TL;DR
This guide shows you how to use automated tools to check if your existing software follows its security rules (policies). We’ll cover static analysis, model checking, and symbolic execution. These methods help find bugs *before* attackers do.
1. Understanding Formal Methods
Formal methods use maths to prove or disprove that a piece of software behaves as expected. For security, this means verifying your code meets its security policy. Unlike testing (which shows presence of bugs), formal methods aim to show *absence* of certain types of bugs.
2. Static Analysis
Static analysis examines your code without running it. It’s like a very thorough code review, but done by a tool. It can find potential vulnerabilities like buffer overflows or SQL injection flaws.

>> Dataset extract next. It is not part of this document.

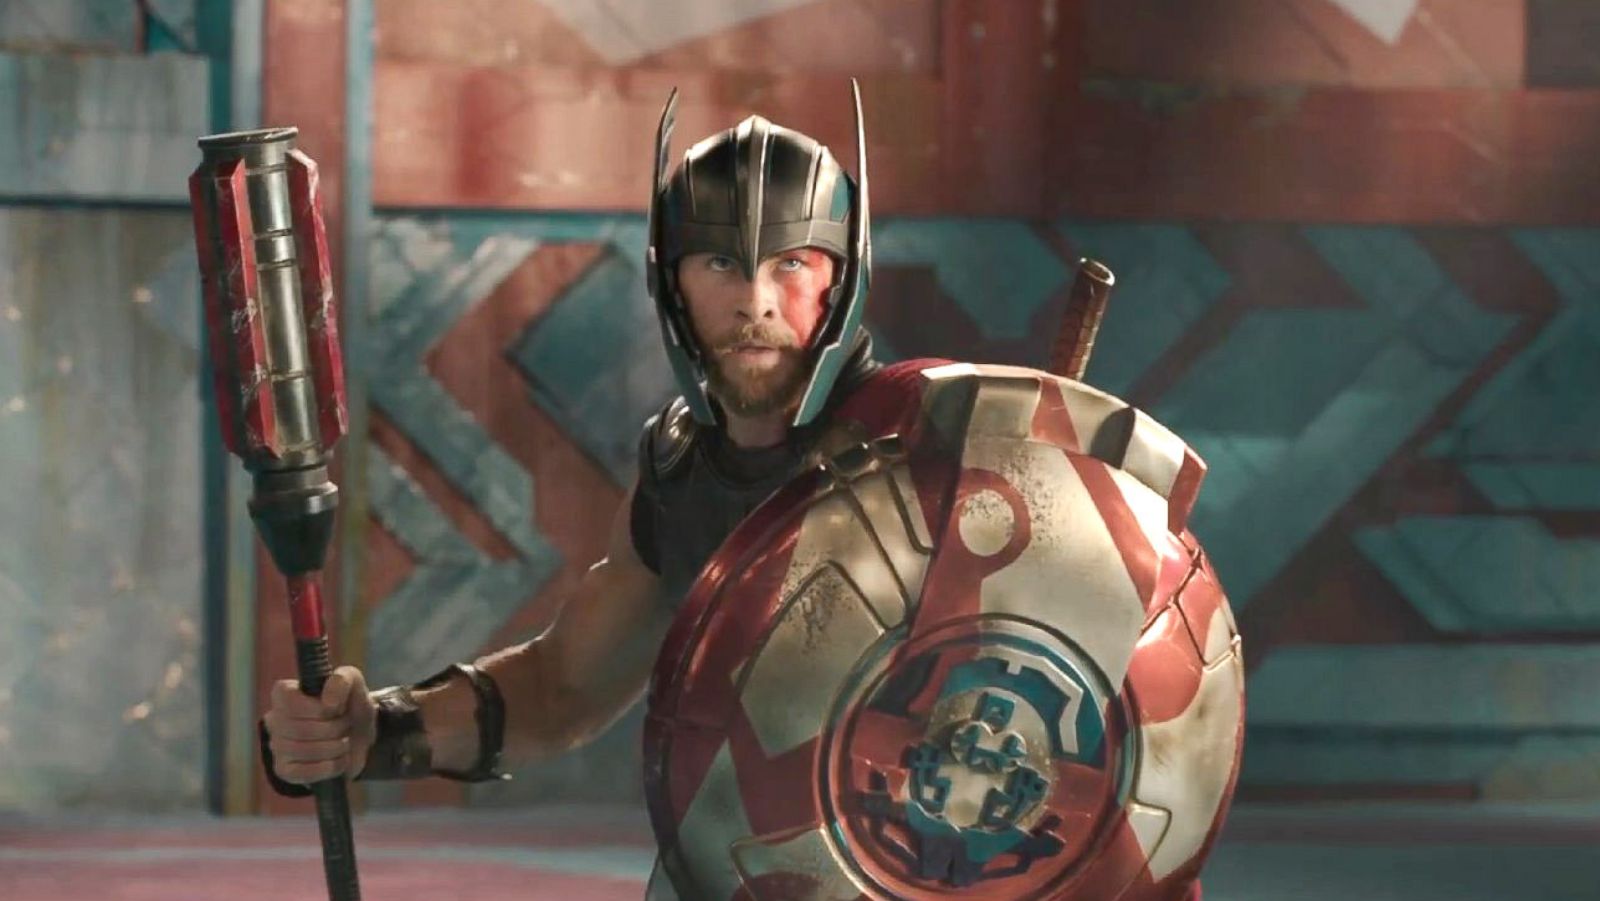 Watch Thor Versus Hulk in the New Thor: Ragnarok Teaser! - D23
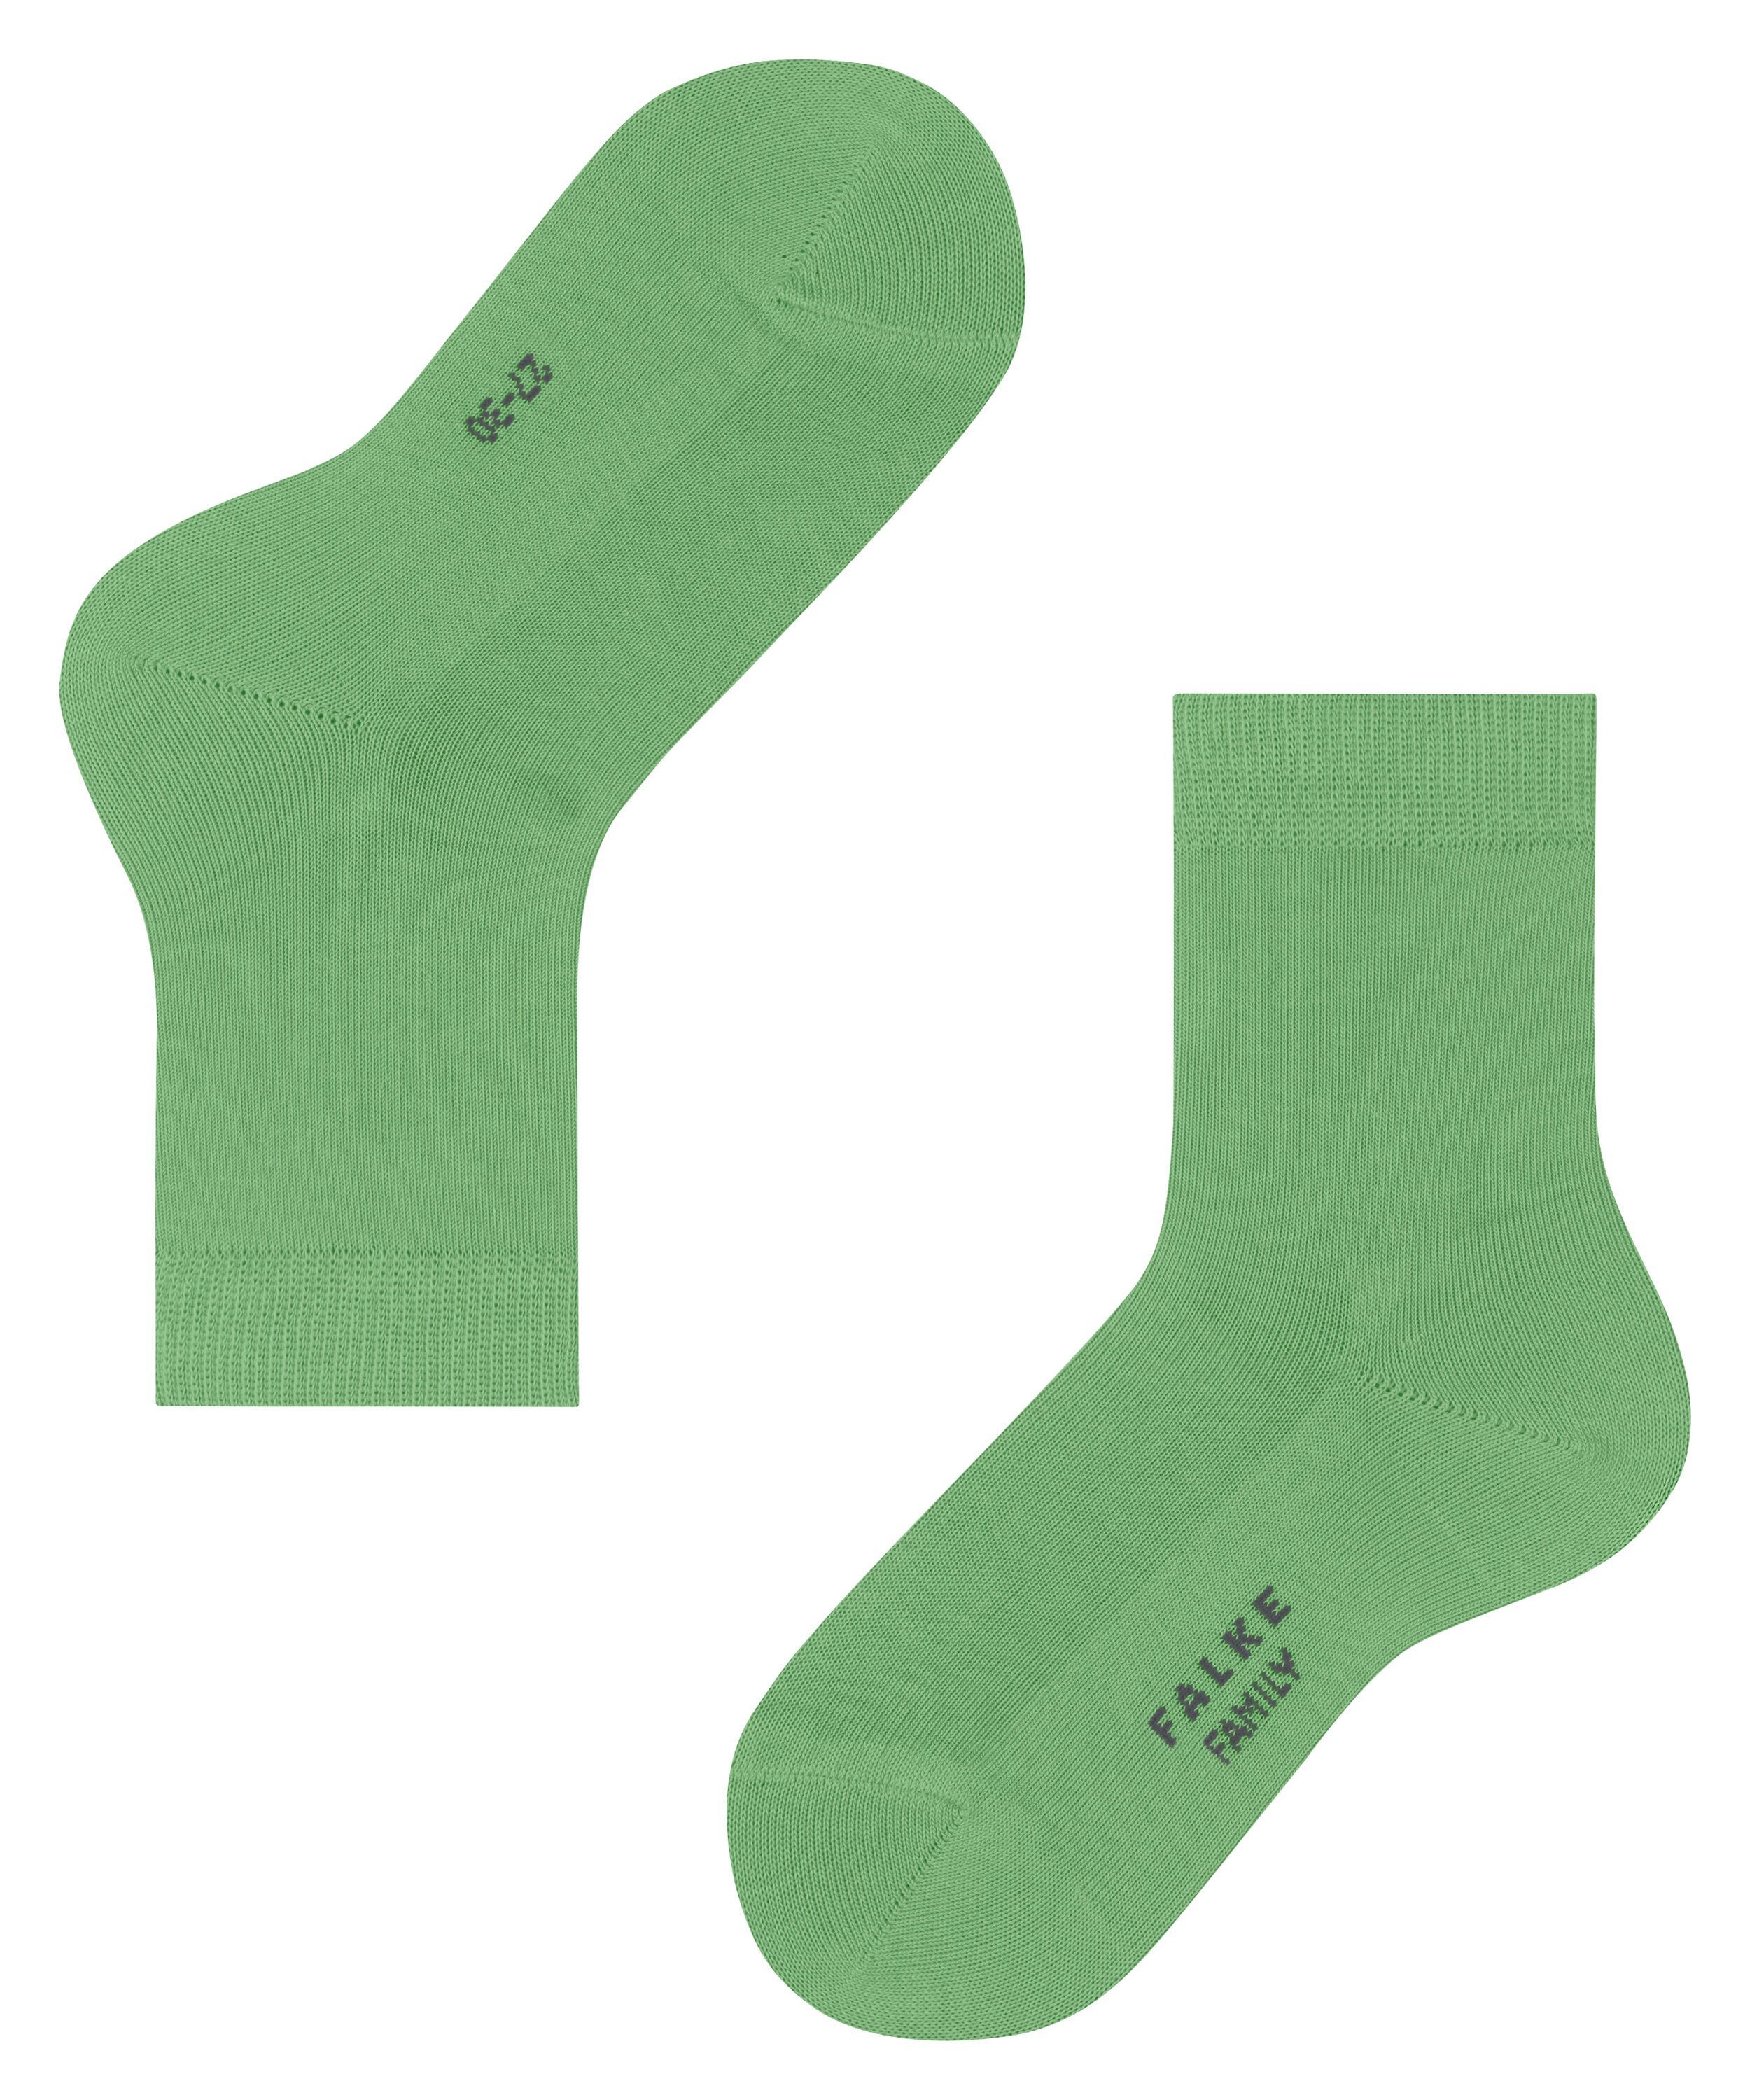 Socken (7486) Family (1-Paar) lizzardgreen FALKE

- Choose a Tool: Popular options include SonarQube (commercial/open-source), Coverity (commercial), and Semgrep (open-source).
- Integrate with your Build Process: Most tools have plugins for common build systems like Maven, Gradle, or Jenkins. This means the analysis runs automatically every time you build your software.
- Configure Rulesets: Tell the tool which security rules to check for (e.g., OWASP Top 10).
- Review Results: The tool will highlight potential issues with line numbers and explanations. Investigate each finding carefully – not everything is a real bug!
Example using Semgrep to find hardcoded passwords:
semgrep --config auto -t yaml ./your-code/
3. Model Checking
Model checking explores all possible states of your software to see if it violates its security policy. It’s good for verifying complex protocols or state machines.
- Create a Formal Model: This is the hardest part! You need to represent your software’s behaviour in a language the model checker understands (e.g., Promela for Spin, TLA+).
- Specify Security Properties: Write down what you want to prove about your system (e.g., “a user can never access another user’s data”). This is often done using temporal logic.
- Run the Model Checker: The tool will explore all possible states and tell you if it finds a violation of your properties. If it does, it provides a counterexample – a sequence of steps that leads to the error.
Example using Spin (very simplified):
spin -a your_model.smv
gcc -o pan pan.c
./pan -a
4. Symbolic Execution
Symbolic execution runs your code with symbolic inputs instead of concrete values. This allows it to explore multiple paths through the code at once.
- Choose a Tool: KLEE (open-source), Angr (open-source) and S2E (open-source) are popular choices.
- Instrument your Code: The tool needs to modify your code slightly to track symbolic values.
- Run the Symbolic Executor: The tool will explore different execution paths, trying to find inputs that trigger specific conditions (e.g., a vulnerability).
- Analyze Results: The tool generates concrete examples that demonstrate vulnerabilities.
Example using KLEE (very simplified):
clang -cc1 your_code.c -emit-llvm -o your_code.ll
klee your_code.ll --output-dir klee-results
5. Combining Techniques
These techniques aren’t mutually exclusive! You can use static analysis to quickly find obvious bugs, then use model checking or symbolic execution for more complex areas.
- Static Analysis + Symbolic Execution: Use static analysis to narrow down the search space for symbolic execution.
- Model Checking + Static Analysis: Use static analysis to generate a simplified model for model checking.
6. Important Considerations
- False Positives: All these tools can produce false positives – reports that aren’t real bugs. Careful review is essential.
- Scalability: Formal methods can be computationally expensive, especially for large codebases. Choose the right tool and focus on critical parts of your system.
- Model Accuracy: The accuracy of model checking depends on how well you represent your software in the formal model.